I cannot tell a lie it pleased me no end
to see some of your cabinet ministers
unhappy. It is unchristian like and I may be
compelled to go to confessional on the
subject but my heart soars with an unholy
delight when a gloomy pall comes over the
face of one of your hundred odd ministering
angels.
I will tell you why. The bally chaps live
off the masses and more importantly live off
me.
It is rather hard for Thellie to get
herself a decent coriander leaf these days
without counting the pennies; can you
imagine darling the counting that must ensue
before I think of my next glass of Wolf
Blass Chardonnay? It is irritating me no end
I can tell you. Ergo. A grumpy minister
equals a happy sort of Thellie.
Anyway as I watched the two move around
like pall bearers at Dracula’s funeral it
was in that astute way of mine that I began
to wonder a little at the object of their
discontent. What could be bothering the
bunch? It couldn’t be the cost of living as
they live off the masses. It couldn’t be a
lack of transport unlike for poor Narayanan
because they live off the masses. It
couldn’t be a shortage of fuel…yes you’ve
guessed it because they live off the masses.

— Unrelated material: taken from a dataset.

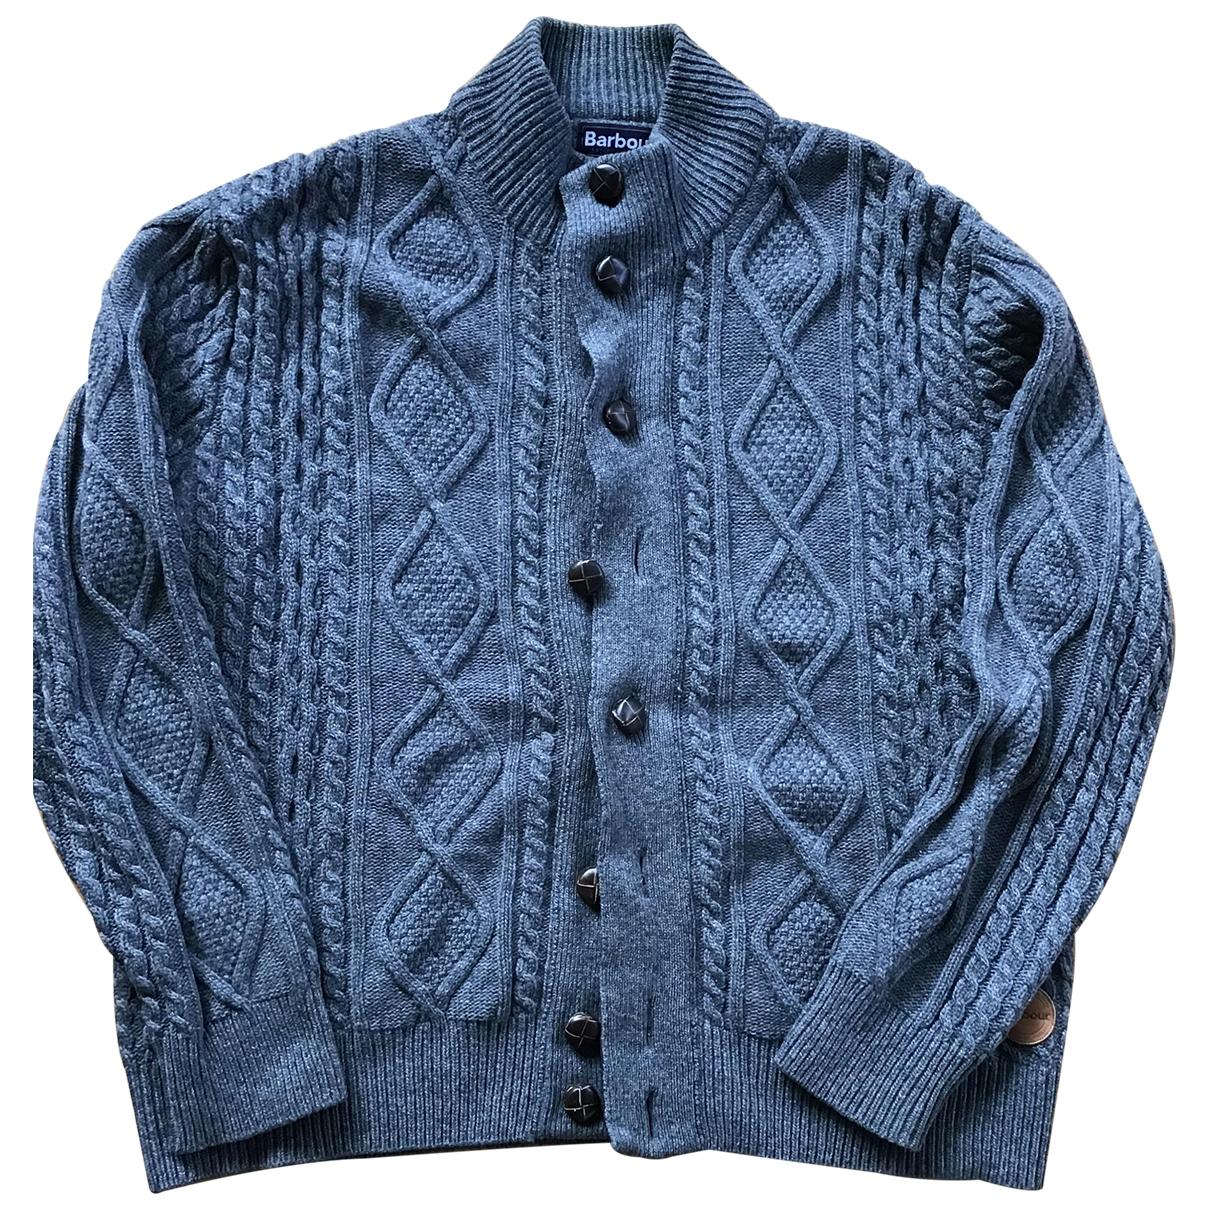 Barbour \N Grey Wool jacket  for Men XL International

And then it dawned. There you were as
usual putting on airs and graces telling
your ministers they couldn’t go to the
Olympic Games unless they were directly
involved in games /sports. The problem with
you darling is that having made such a
cryptic statement you declined to define
sports.
For instance a few swishes with a deli
pihiya could mean one is into blood
sports. A few risqué words over crackling
telephone wires to Lake House employees and
one could claim to be in another sport. It
is all a matter of perspective.
Me thinks dear given that all you cabinet
chaps are involved in all kinds of games at
different levels they should all have been
allowed to make the trip. Trust me they
won’t be missed or I’ll pour my Dom Perignon
down the kitchen sink.
But there you were prohibiting all except
the sports minister and other officials from
going anywhere near Beijing and sticking to
your plan like bally Araldite glue. It is
just like you darling to then rush off to
the Olympic village with a large contingent
of your own including the master of all
games, Punchi Banda Jay in tow.
It is just like you dear to identify the
biggest player of all time and take him with
you. Surely if there is one bloke who can
give the Paradisian athletes some timely
tips on how to clinch a win it would be he.
And of course it goes without saying that
Shiro would accompany you as well. A sporty
girl too I might add. Often of a morning
Thellie has come upon Shiro in baby pink
track pants and snug blue T shirt after a
goodish walk taking a little breather at the
local church down the street. In fact as
prayer time often requires a closing of the
eyes it is only the scent of eu de cologne
clinging to her temples that enables me to
identify her.
And while you are watching the games in
Beijing darling we are watching a few games
in Paradise played by none other than
Rakneel from the green camp. If the fellow
isn’t hobbing with a bunch of editors one
day he is seen knobbing with a pack of
publishers the next.
In fact one might even say the milk of
human kindness sloshes about in his guts as
he listens to the tales of woe poured into
his ear by those chaps in the Press
Institute including Waroona, the camera guy.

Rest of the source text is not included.